Stored data »
# # # # # # #
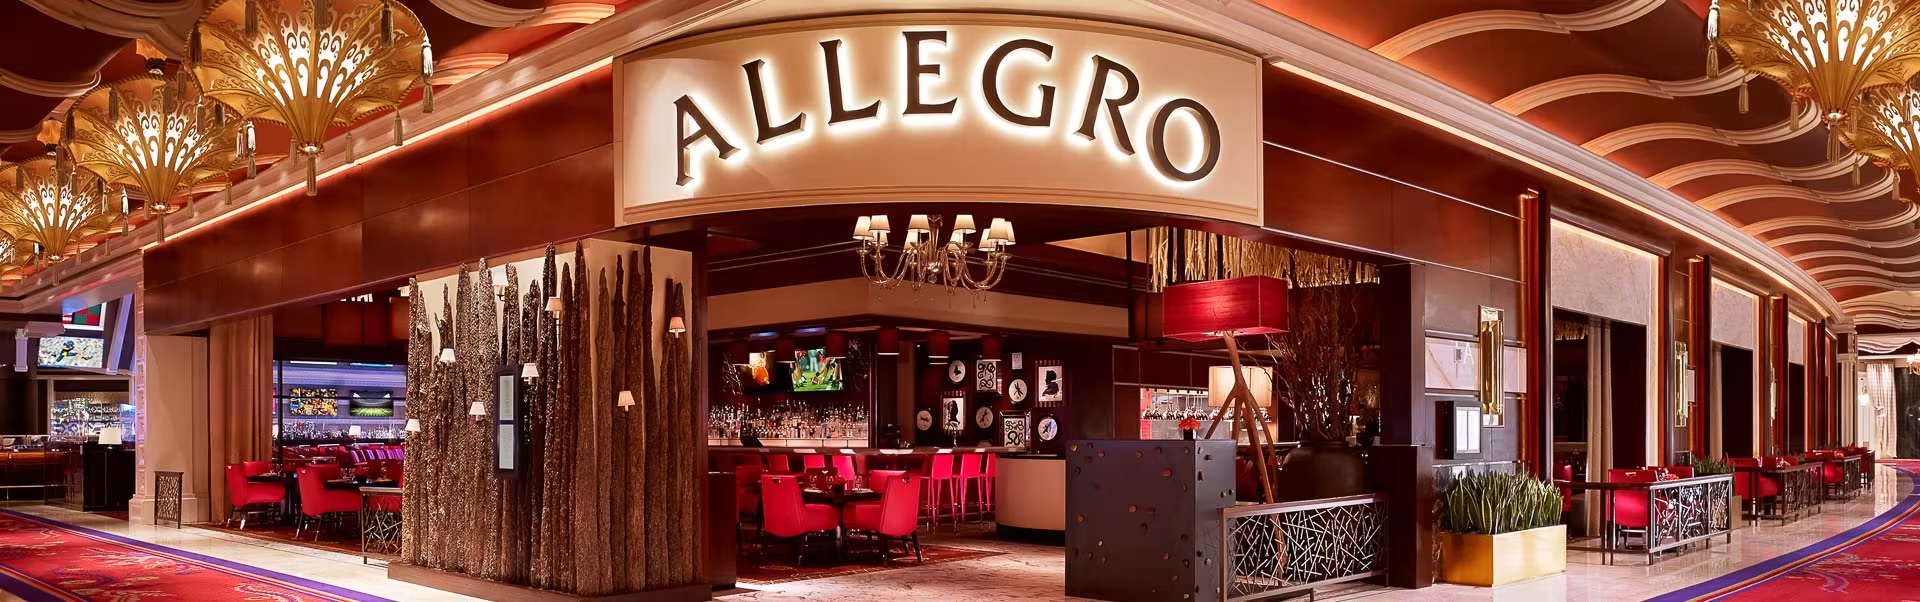 Interior of Allegro
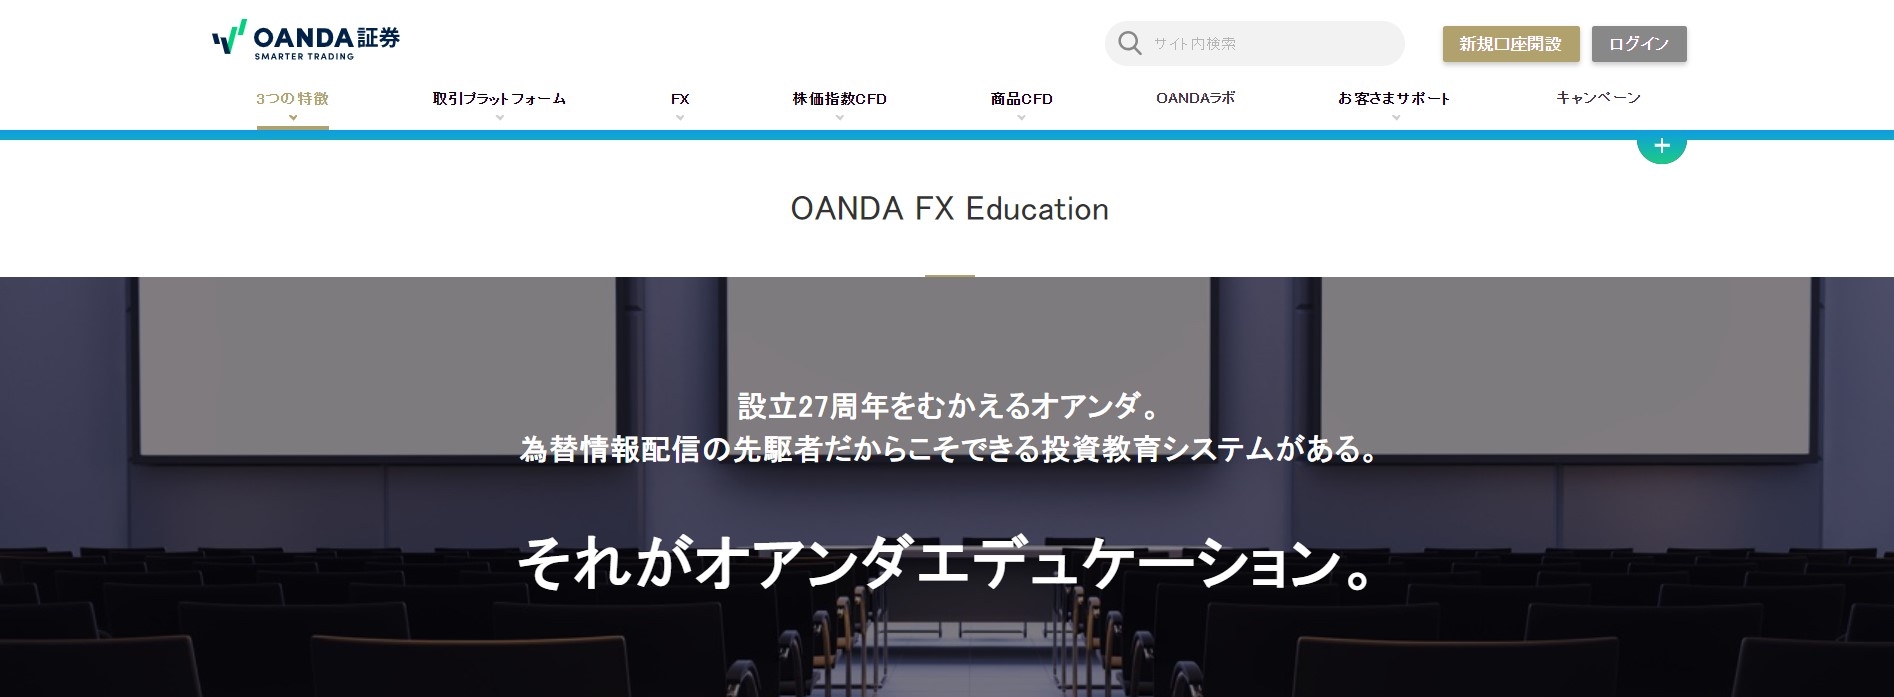 OANDA FX Education
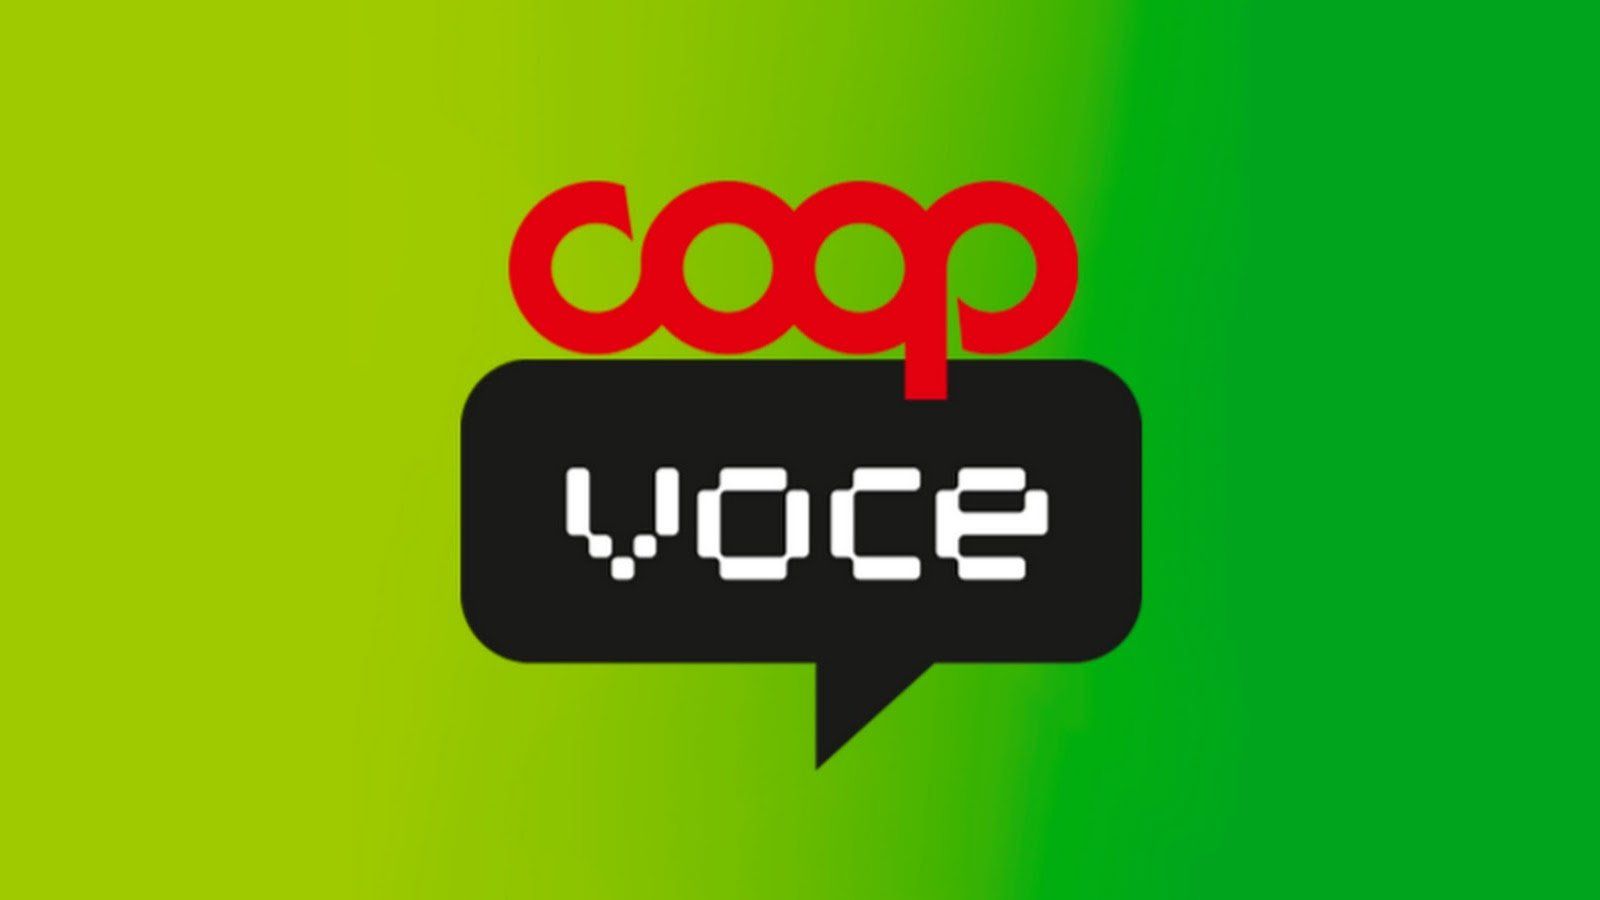 CoopVoce: scontro con TIM e Vodafone, nuova offerta incredibile con minuti e giga
# # # # # # #
The answer should be the full material above, printed exactly, with no pictures in it.

Result »
 Interior of Allegro
 OANDA FX Education
 CoopVoce: scontro con TIM e Vodafone, nuova offerta incredibile con minuti e giga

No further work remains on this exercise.